Output the whole listing exactly, except for the pictures in it.

--- Source material Enclosed Below ---

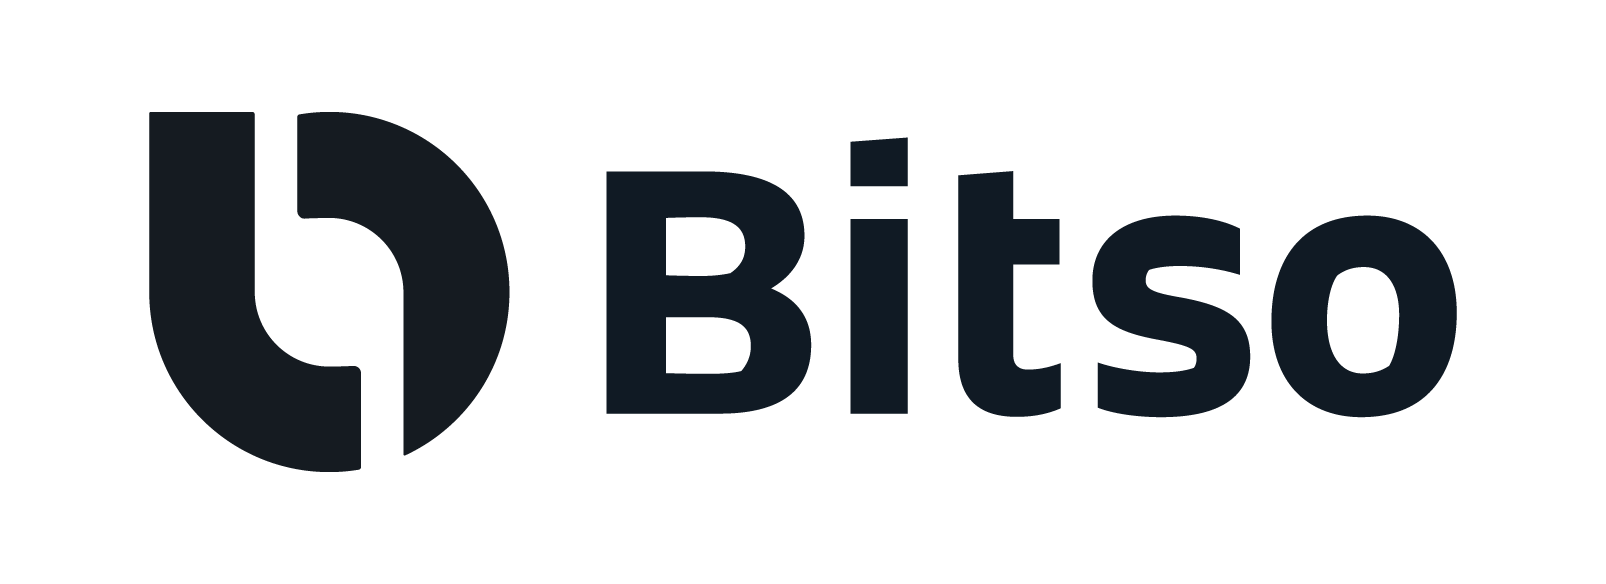 Bitso-logo.png
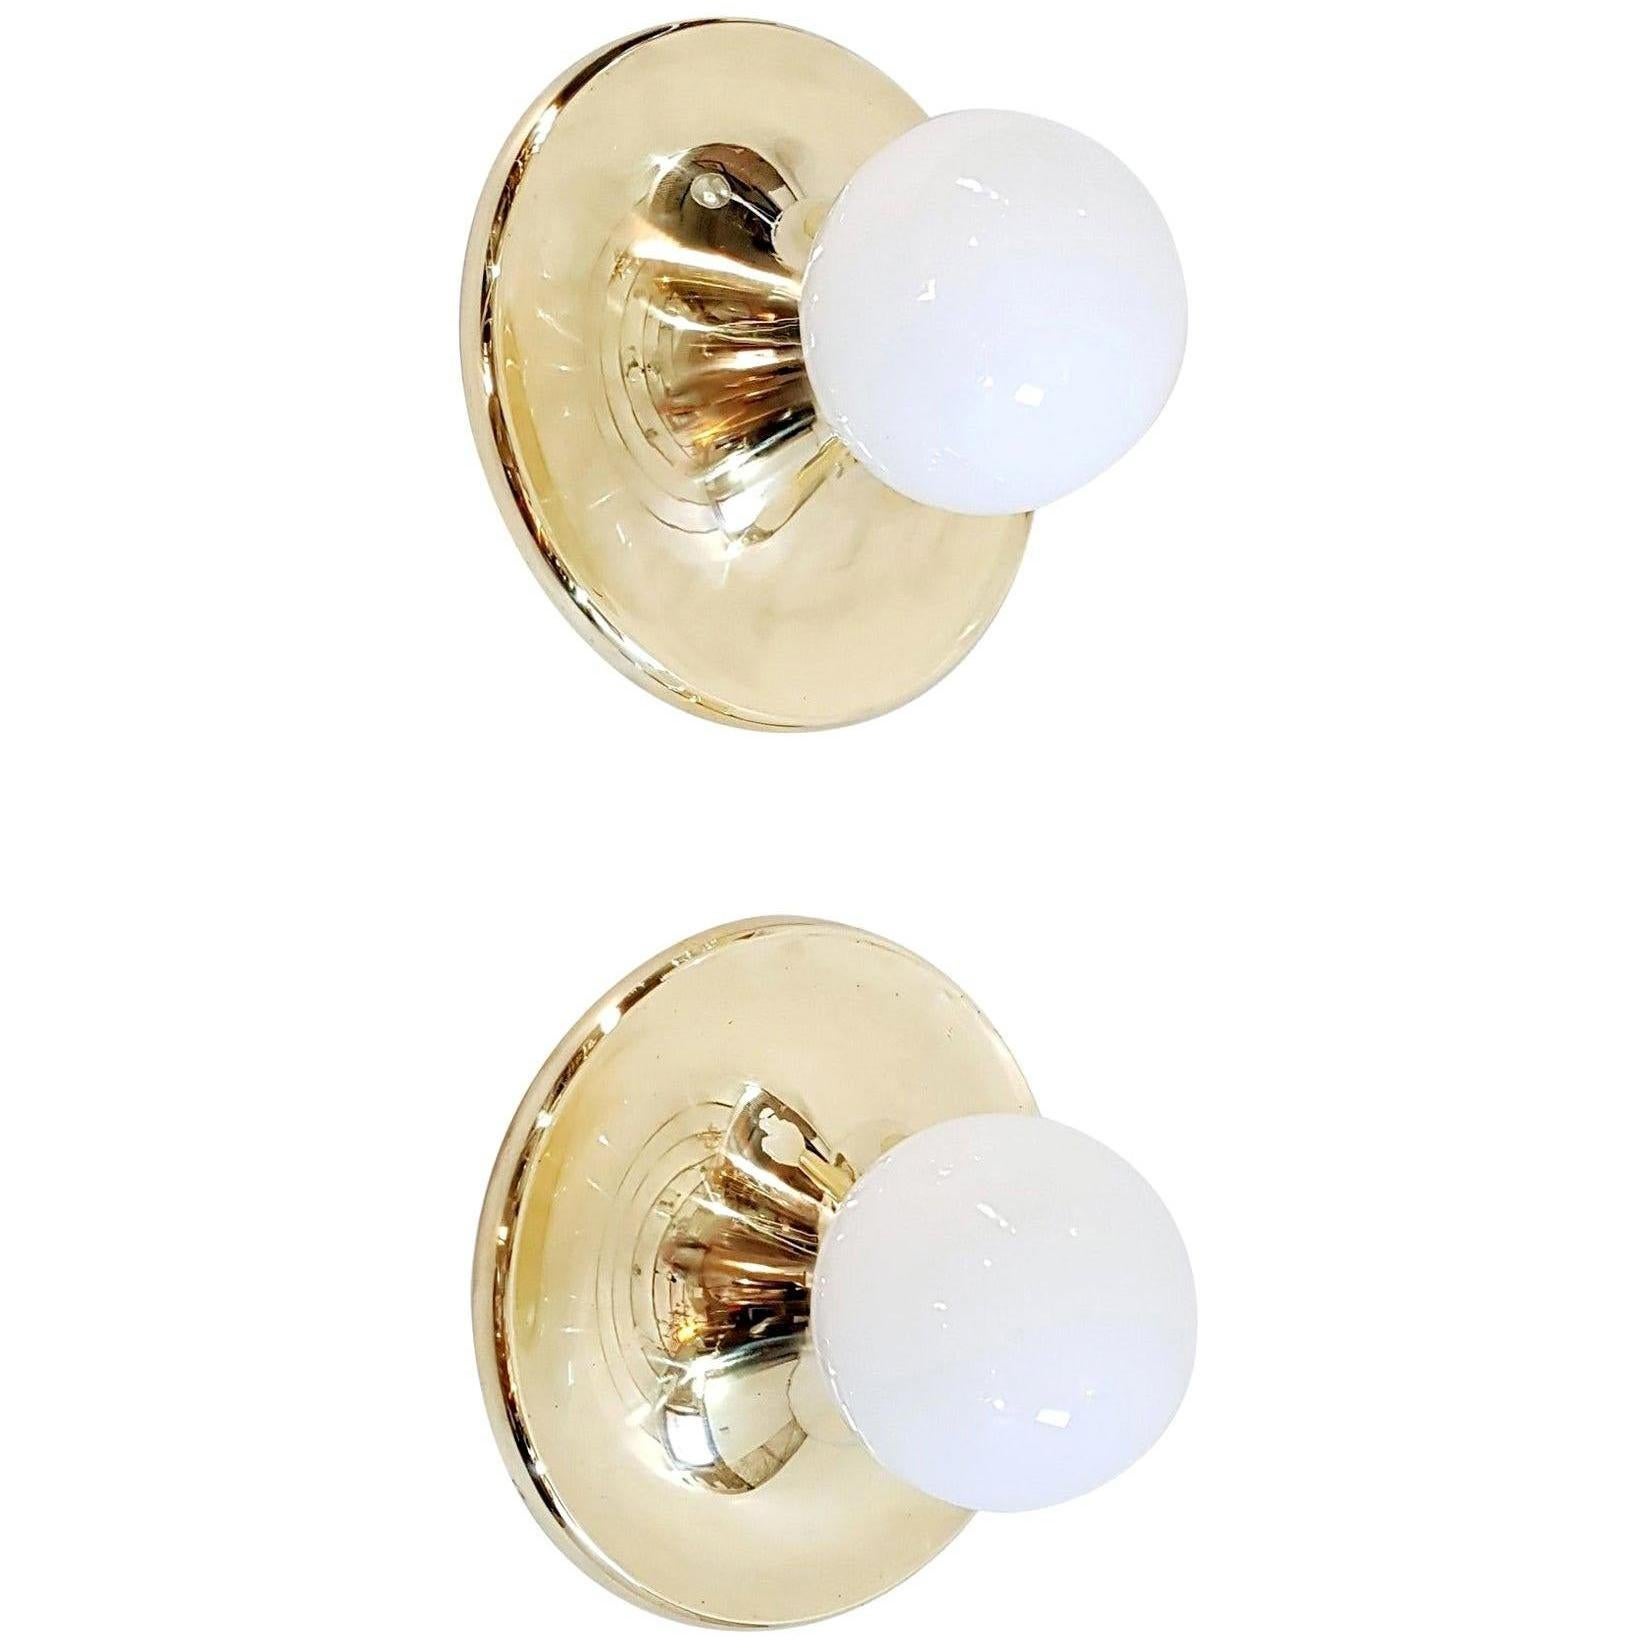 Ein großes Lampenpaar, das sowohl als Wandleuchten als auch als Wandleuchter verwendet werden kann, von Achille & Pier Giacomo Castiglioni für Flos. Entworfen und hergestellt in Italien, 1965. Messing und Opalglas. Jede Leuchte nimmt eine
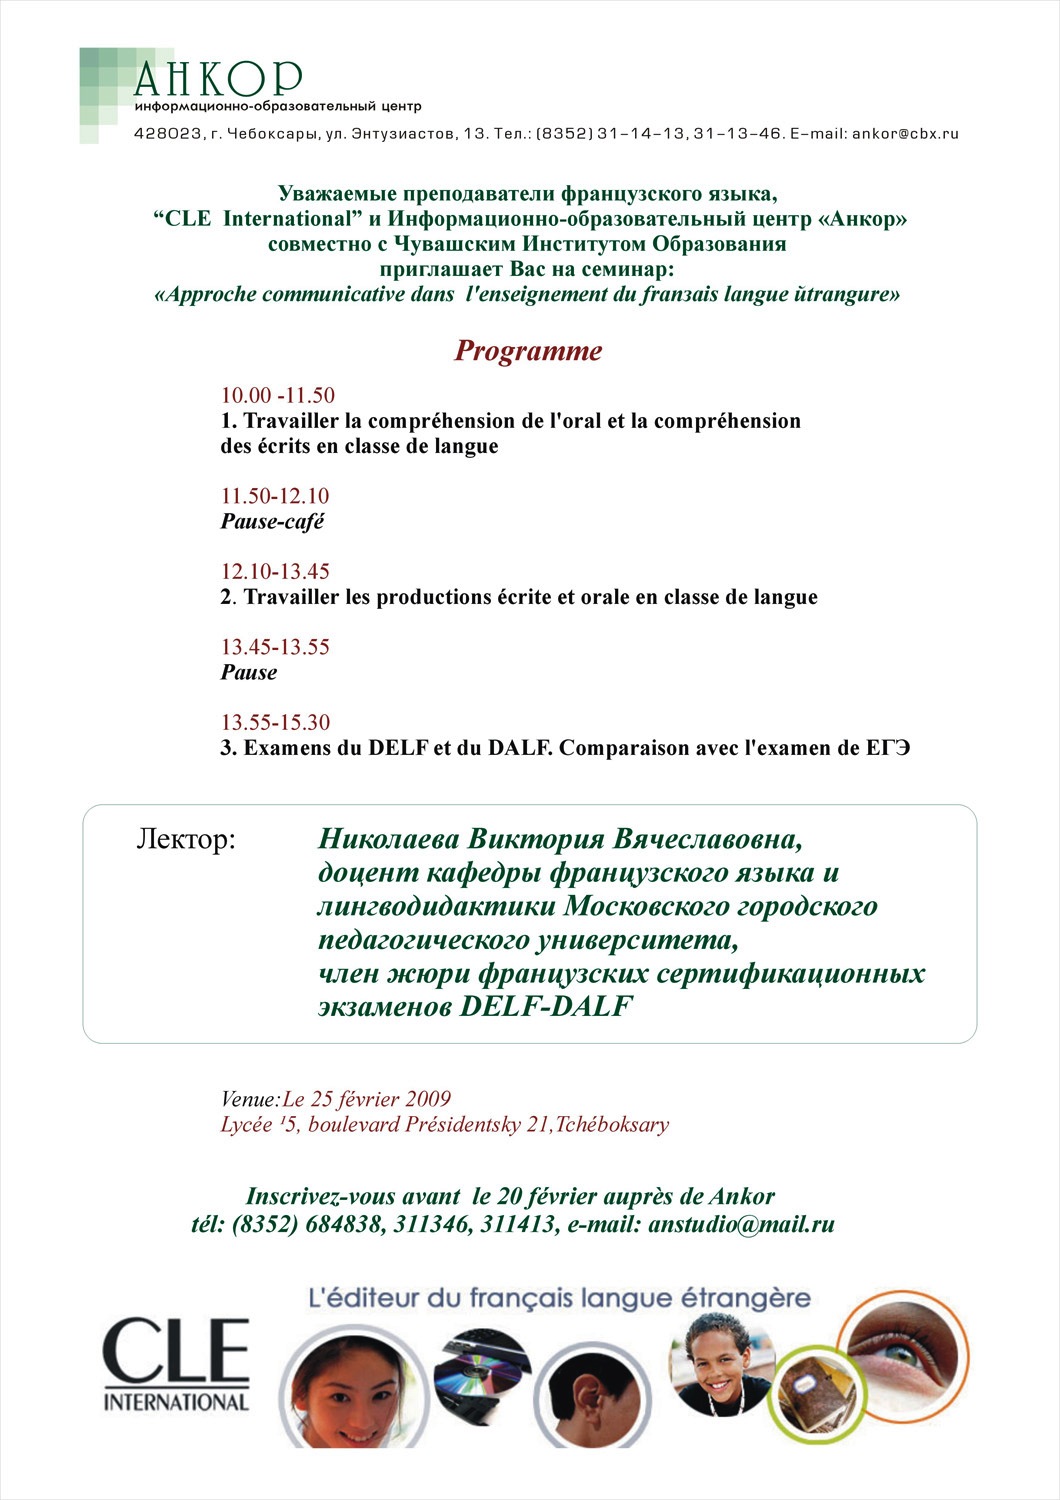 Приглашаем учителей французского языка на семинар “Approche communicative dans l’enseignement du français langue étrangère”
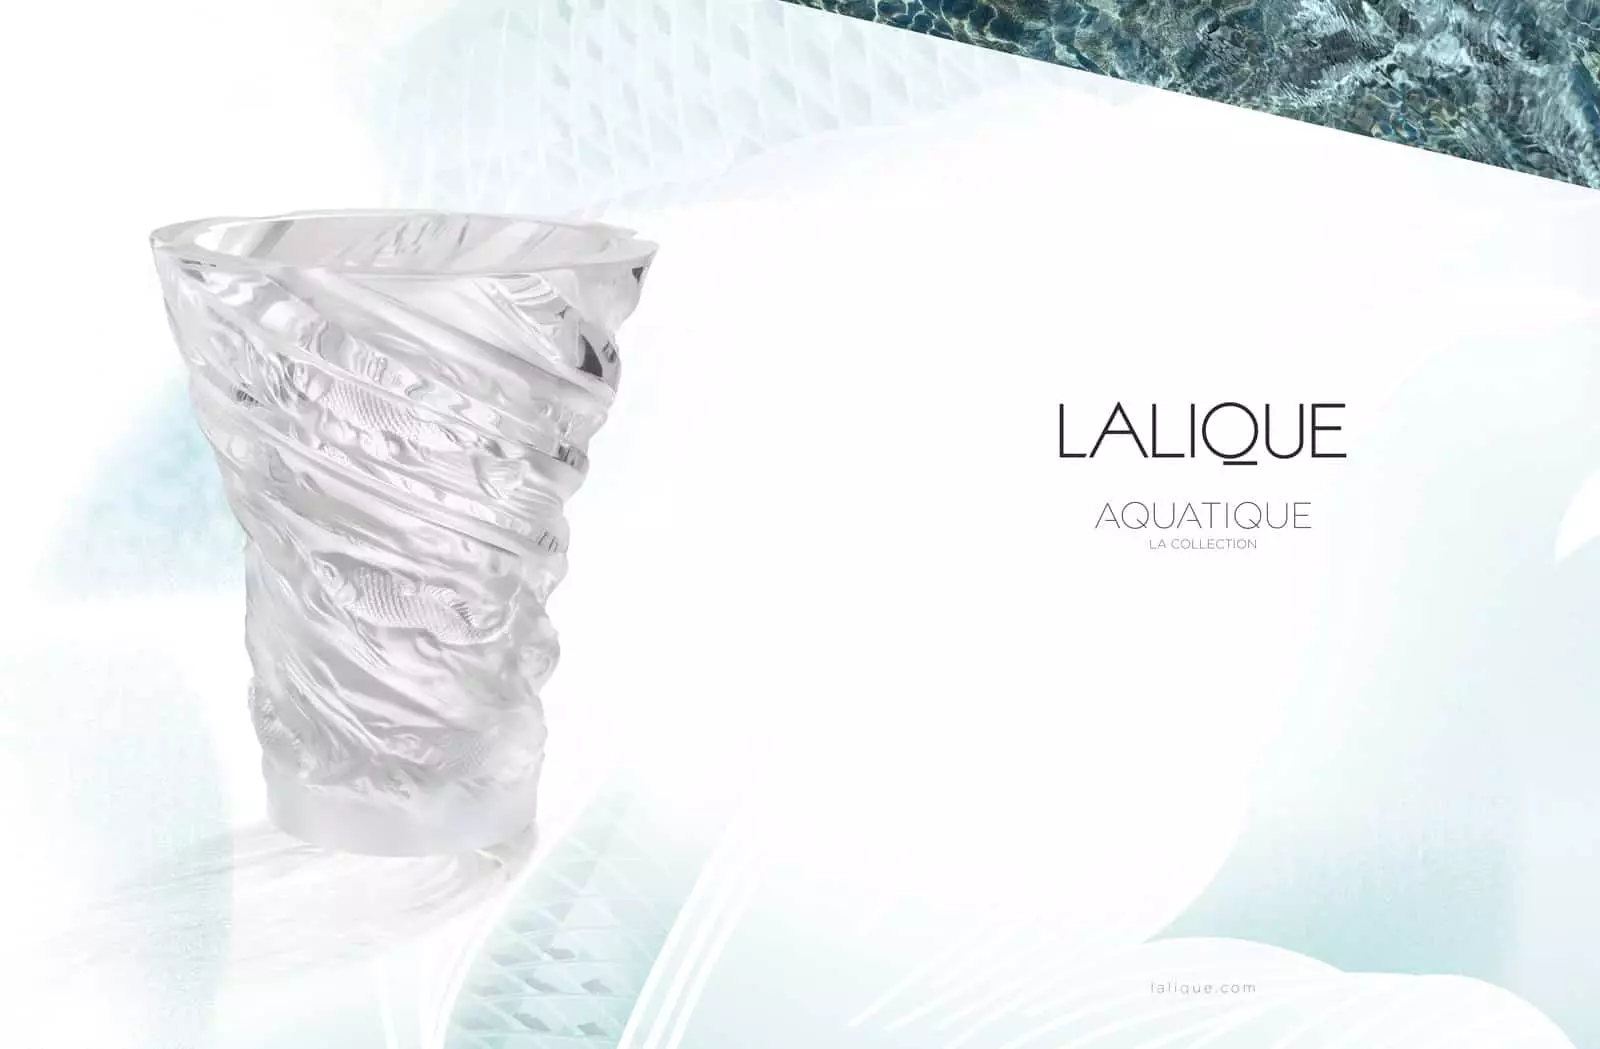 Lalique Aquatique: “Thủy Thượng Uyển” Trong Căn Biệt Thự Paris 7

--- End of Enclosed Source material ---

Output for this task
 Bitso-logo.png
 Ein großes Lampenpaar, das sowohl als Wandleuchten als auch als Wandleuchter verwendet werden kann, von Achille & Pier Giacomo Castiglioni für Flos. Entworfen und hergestellt in Italien, 1965. Messing und Opalglas. Jede Leuchte nimmt eine
 Приглашаем учителей французского языка на семинар “Approche communicative dans l’enseignement du français langue étrangère”
 Lalique Aquatique: “Thủy Thượng Uyển” Trong Căn Biệt Thự Paris 7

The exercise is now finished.